Abstract:
Due to rapid development in the technology of electronic devices and improved performance of thermoelectric
materials, thermal management is one of the significant issues to be dealt with. Hence, the conventional heat
transfer methods are not responsive anymore, especially in micro-electric applications. In this work, the application
of nanofluid, instead of pure fluids, in the microchannel heat sink with sudden explanation and insertion
of ribs and dimples inside the backward-facing step microchannel is studied numerically. Lattice Boltzmann
method is applied to study the heat transfer and laminar flow behaviour of 4% concentration of Al2O3-water
nanofluids in Reynolds numbers ranging 40–100 through the backward-facing step microchannel. Microchannel
size is 60 μm (H) × 60 μm (W) × 336 μm (L), and the height of the microchannel’s step is 27 μm, and located 108
μm from the entrance. The bottom wall of the microchannel, downstream of the step is exposed to constant heat
flux. Ribs and hemispherical dimples are located on this wall section as vortex generators.
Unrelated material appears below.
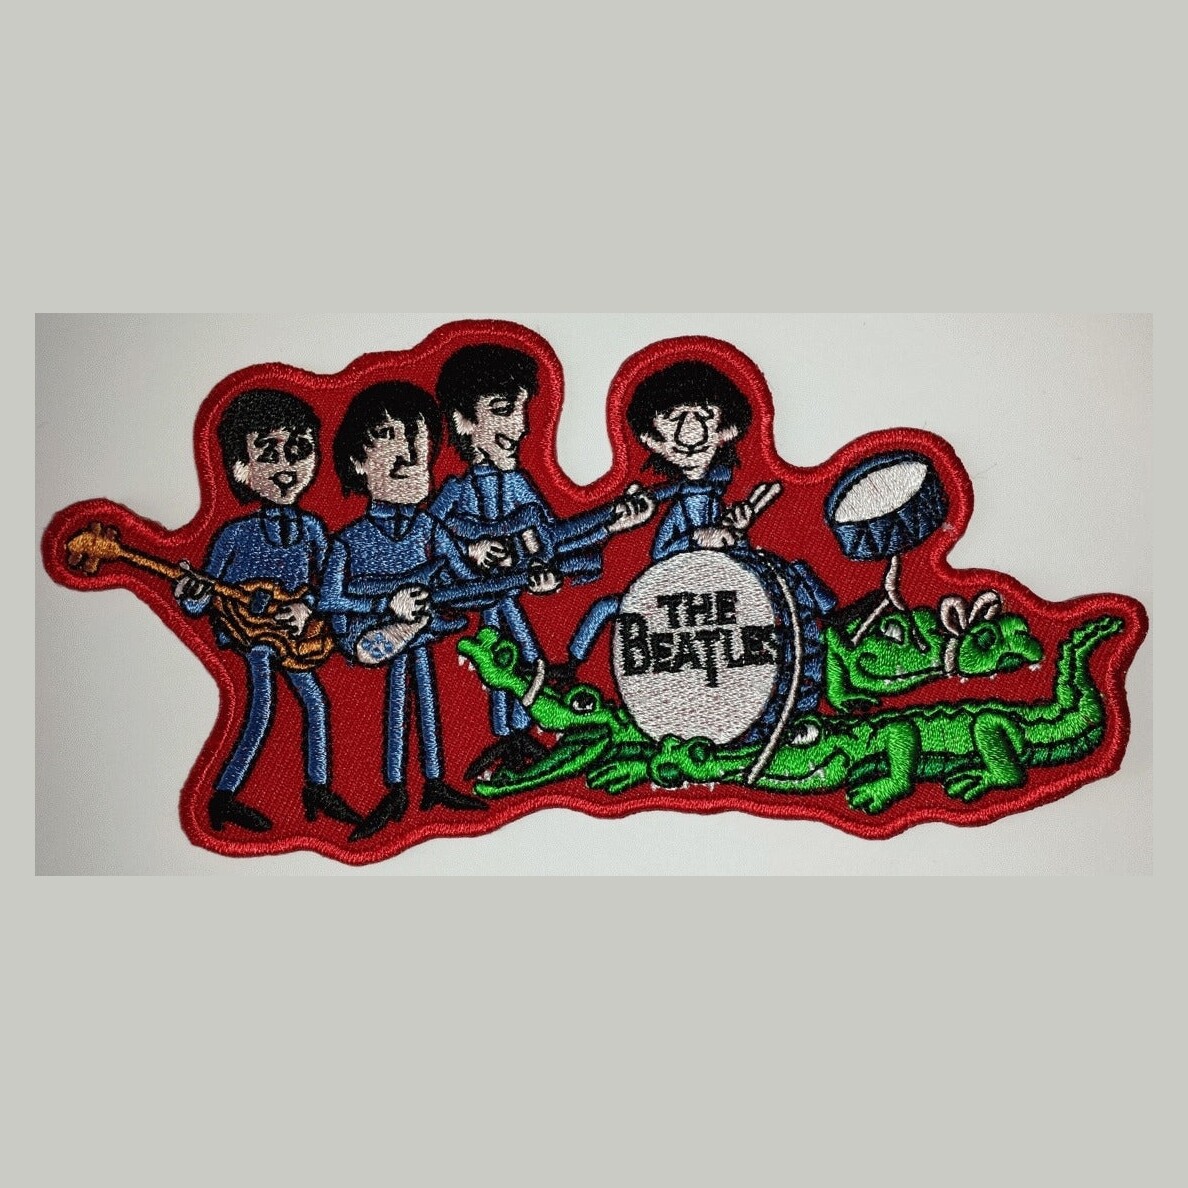 The Beatles Cartoon "Alligators" 5 3/4"L Embroidered Patch

A few studies focus on
curved boundaries in Lattice Boltzmann Method due to some complexities in curved boundaries, especially
spherical ones. So, the main novelty of this work is inserting hemispherical dimples in backward-facing step
microchannel and combining them with ribs as proposed turbulators. The results showed that increasing the
number of ribs from 4 to 8 (100% growth) leads to a 63.64 and 64.65% augmentation in the average Nusselt
number at Re = 40 and 100, respectively. Also, increasing the ribs heights from 0.5H to 2H (300% growth)
caused average Nusselt number augmentation of about 54.54 and 40.91% at Re = 40 and 100, respectively. In
some cases, with lower numbers or shorter ribs, the effects of adding ribs on the Nusselt number are either minor
or undesirable.